Abstract

In conventional PKI, CAs are assumed to be fully trusted. However, in practice, CAs’ absolute responsibility for providing trustworthiness caused major security and privacy issues. To prevent such issues, Google introduced the concept of Certificate Transparency (CT) in 2013. Later, several new PKI models are proposed to reduce the level of trust to the CAs. However, all of these proposals are still vulnerable to split-world attacks if the adversary is capable of showing different views of the log to the targeted victims. In this paper, we propose a new PKI architecture with certificate transparency based on blockchain, what we called CertLedger, to eliminate the split-world attacks and to provide certificate/revocation transparency. All TLS certificates’ validation, storage, and entire revocation process is conducted in CertLedger as well as Trusted CA certificate management. During a TLS connection, TLS clients get an efficient proof of existence of the certificate directly from its domain owners.

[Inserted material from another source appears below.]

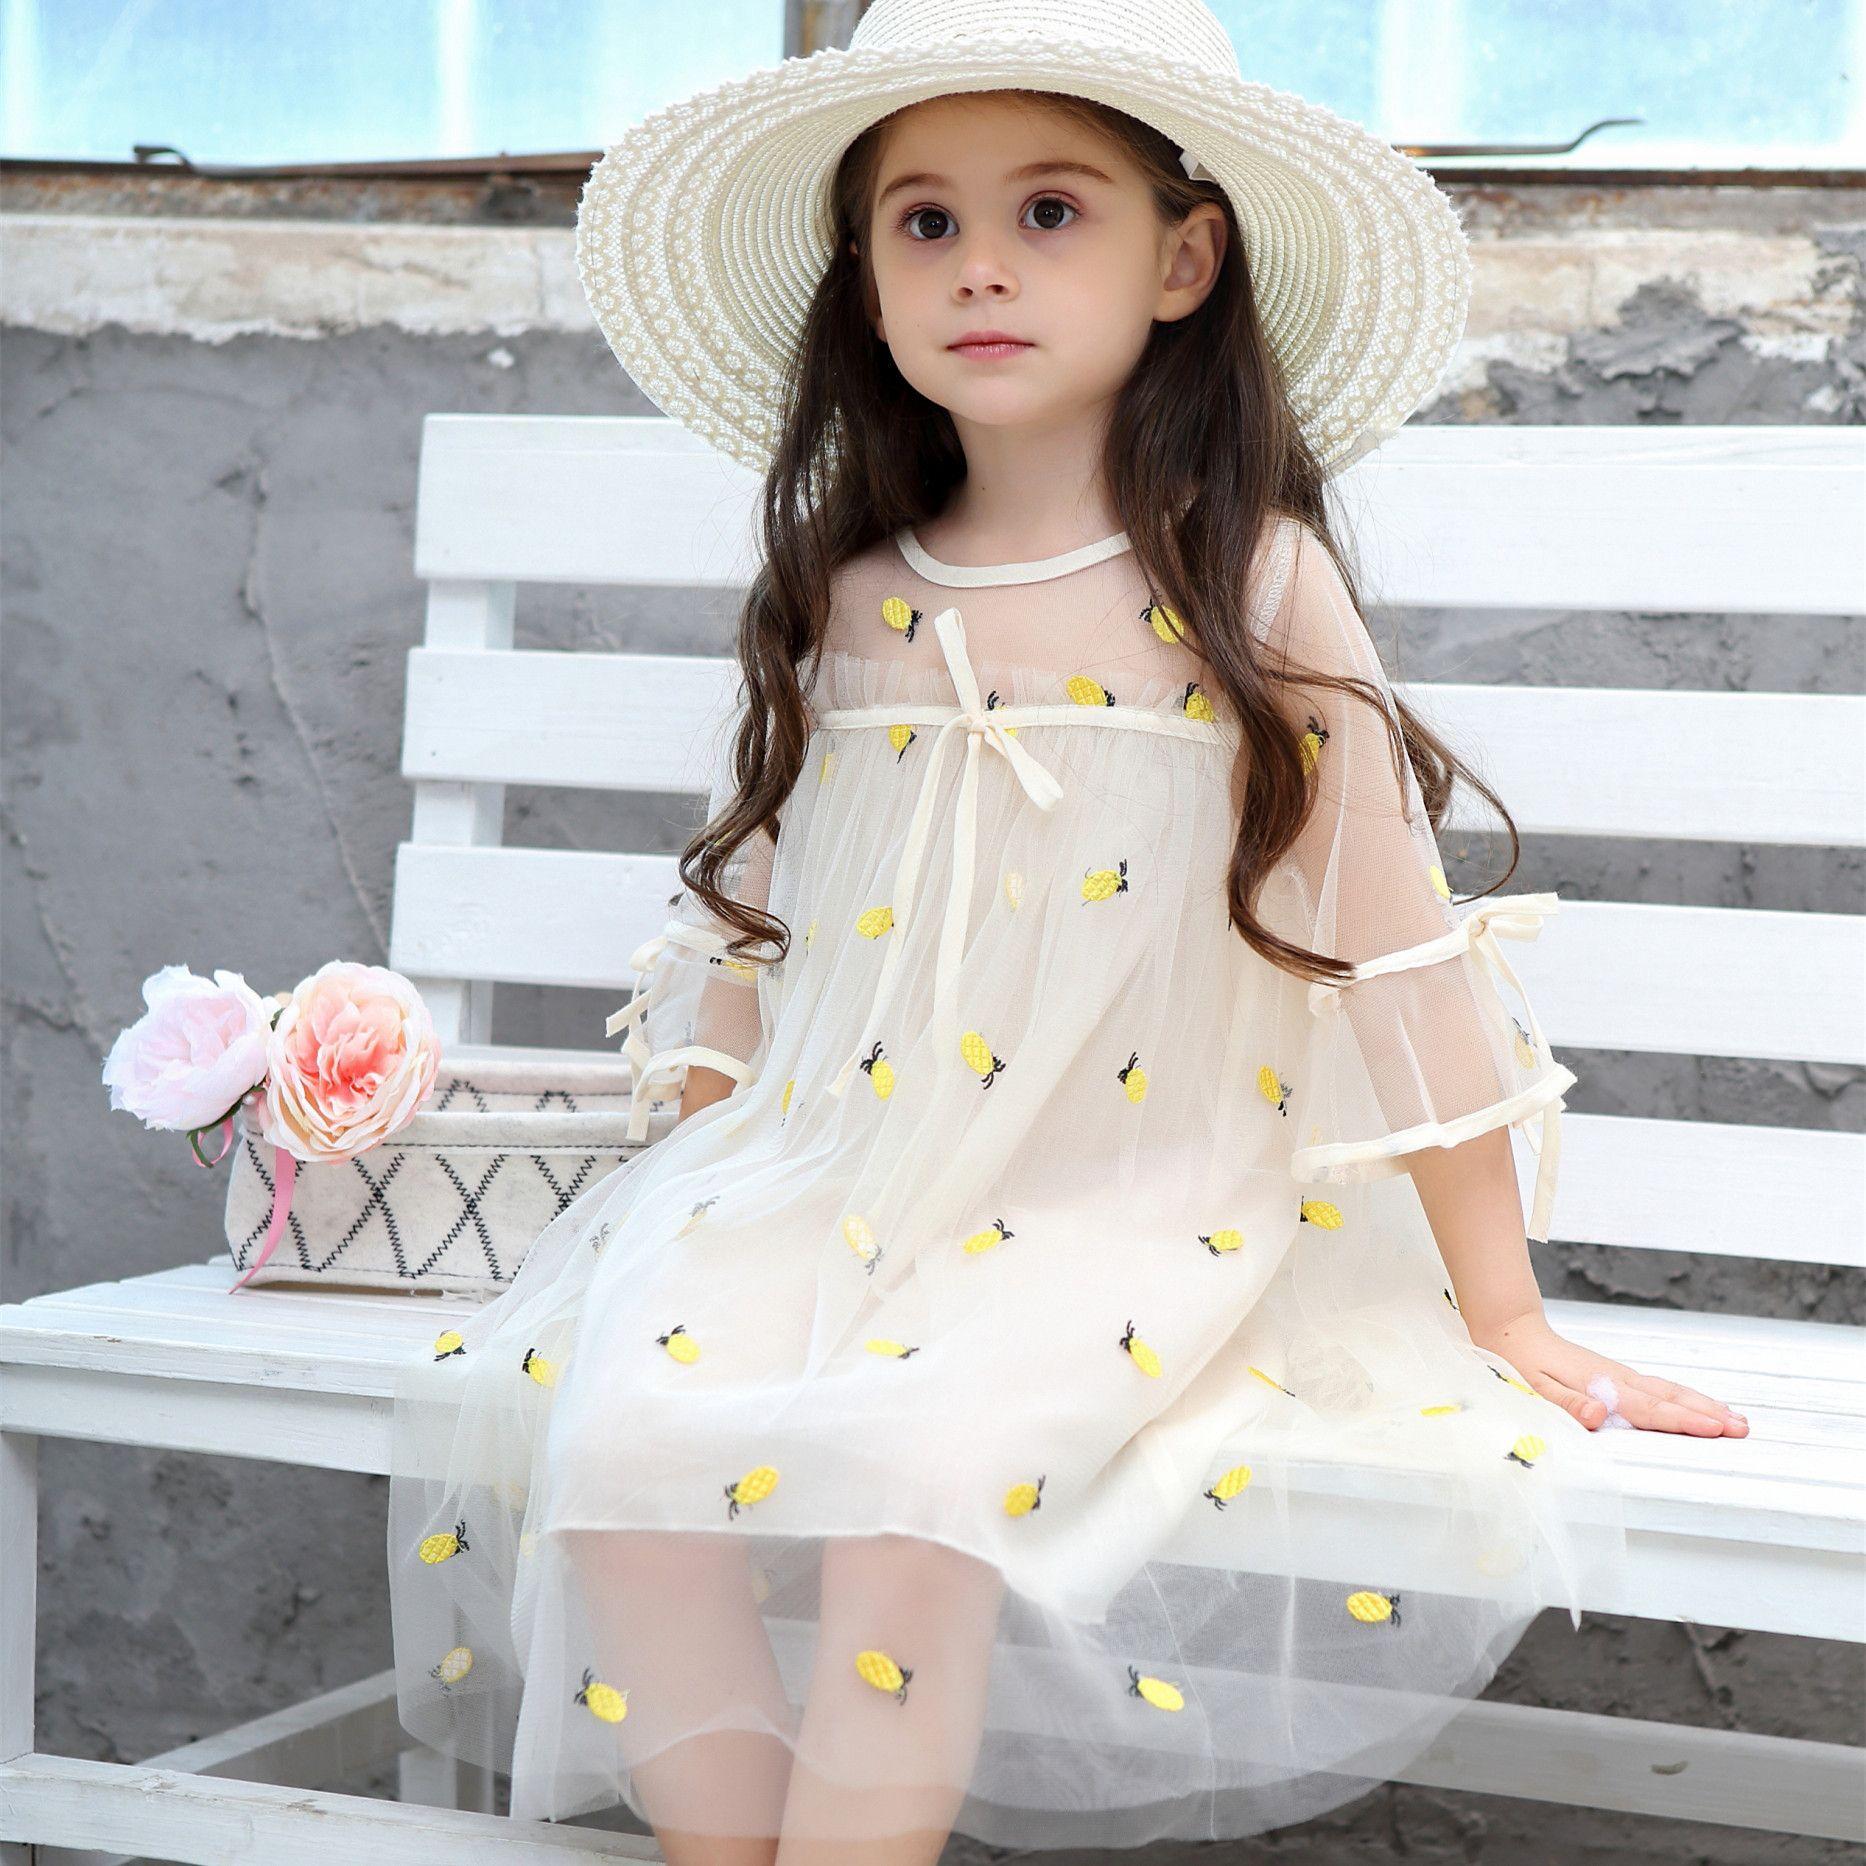 Oklady 2019 Girls Summer Hot Princess Elegante Encaje Piña Fiesta Dulce Cute Kid Girl Vestido de Malla Blanca Para 6t J190614

Hence, privacy is now perfectly preserved by eliminating the traceability issue via OCSP servers. It also provides a unique, efficient, and trustworthy certificate validation process eliminating the conventional inadequate and incompatible certificate validation processes implemented by different software vendors. TLS clients in CertLedger also do not require to make certificate validation and store the trusted CA certificates anymore. We analyze the security and performance of CertLedger and provide a comparison with the previous proposals. Finally, we implement its protoype on Ethereum to demonstrate experimental results. The results show that the performance of the TLS handshake and certificate validation through CertLedger is significantly improved compared to the current TLS protocol.